While CSF data are informative, clinicians would much prefer a marker they can measure in blood. Here, too, NfL performs well. As other groups had previously, van Swieten reported that serum NfL correlated closely with CSF levels. Julio Rojas of the University of California, San Francisco, added yet more evidence supporting blood measurements. He reported findings from a cohort of 15 people with progressive supranuclear palsy (PSP) and 12 controls. The researchers measured NfL in plasma using a single-molecule array (Simoa), an ultrasensitive technique that employs a digital readout to detect minute quantities (see Apr 2016 conference news). Plasma NfL ran twice as high in cases as controls, with a cutoff of 20 pg/ml providing 80 percent sensitivity and specificity for discriminating the groups, Rojas said (see Rojas et al., 2016).
Rojas and colleagues validated the findings in an independent cohort of 147 PSP patients. Half of this group had very high plasma NfL and half lower, although all were above control levels. Higher NfL predicted worse cognitive, functional, and motor decline one year later, as well as more brain atrophy. Plasma NfL remained stable over that year, and correlated closely with CSF levels. “Tracking blood NfL is feasible, and may support prognosis,” Rojas concluded.

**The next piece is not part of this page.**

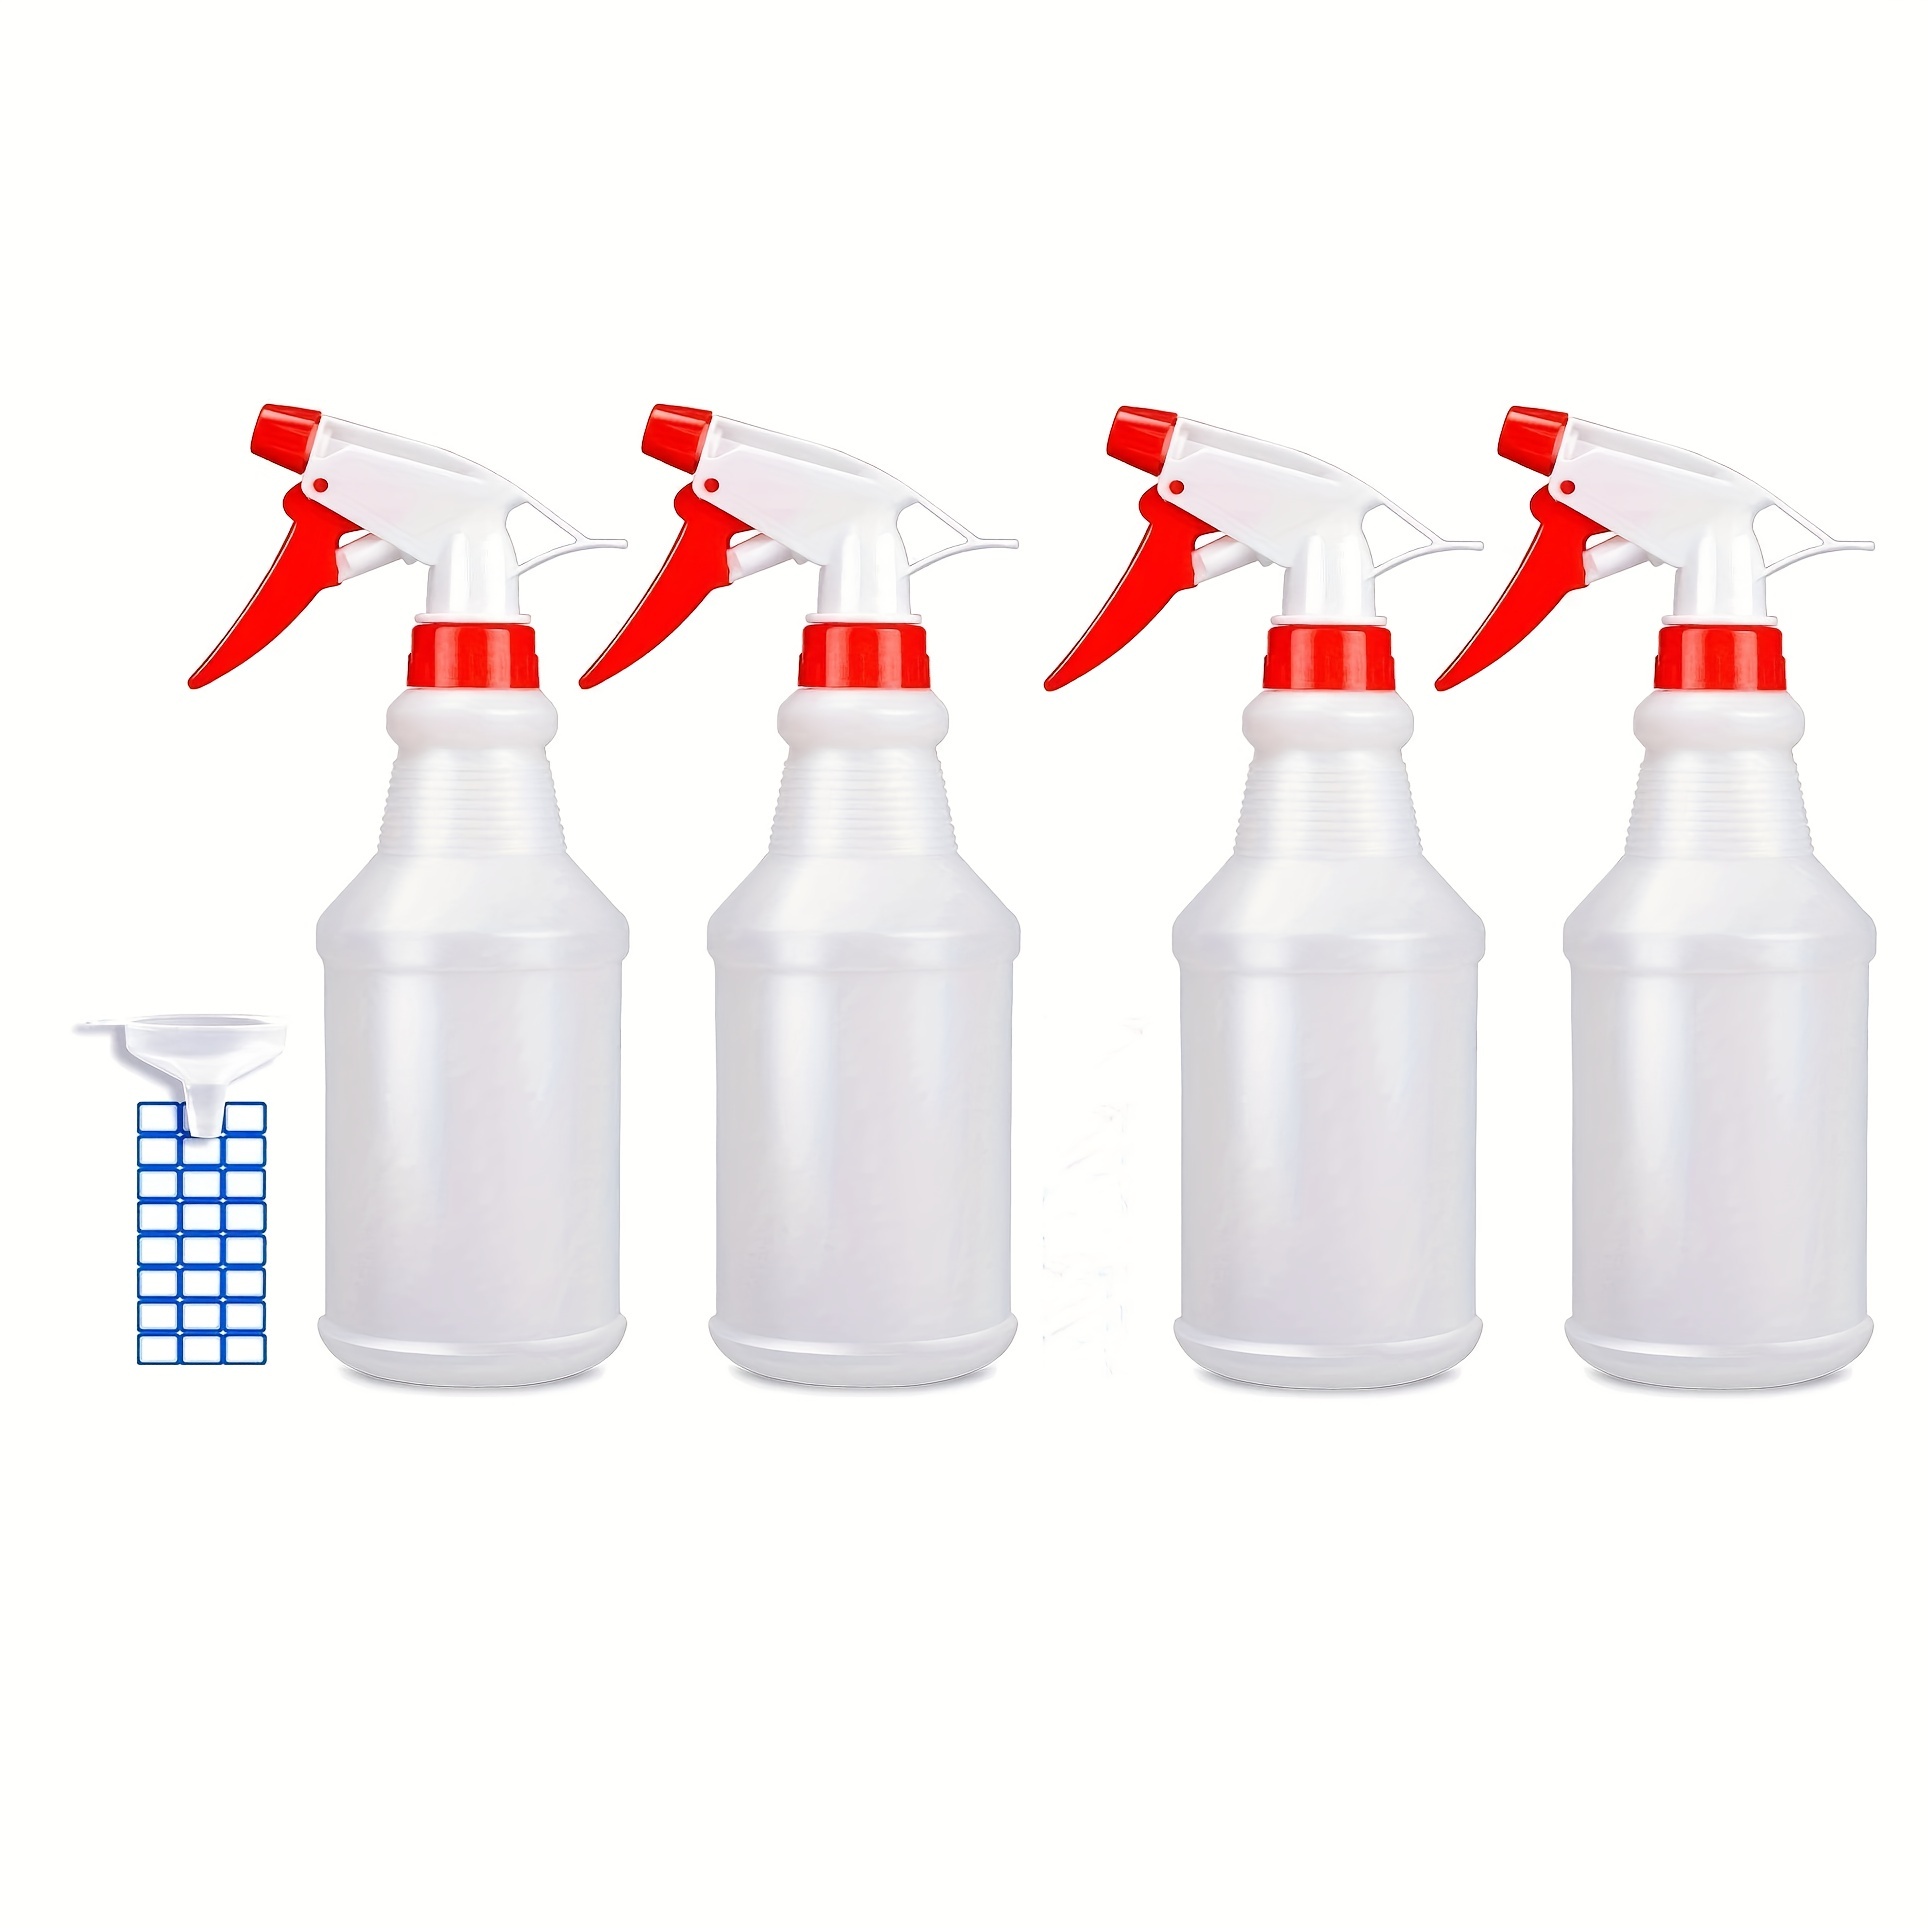 Johnbee Spray Bottle - Empty Spray Bottles (16oz/2Pack) - Spray Bottles for Cleaning Solutions / Plants / Bleach Spray / BBQ - with Adjustable Nozzle

Others at ICFTD reported similar findings for blood measurements. Ione Woollacott of University College London presented data from 74 FTD patients and 28 healthy controls. Serum NfL ran about four times higher in patients than controls. Levels varied widely among individuals, however, and correlated with how quickly their frontal lobe was shrinking (see Rohrer et al., 2016). “NfL is the first good blood biomarker in FTD,” first author Jonathan Rohrer of UCL told Alzforum.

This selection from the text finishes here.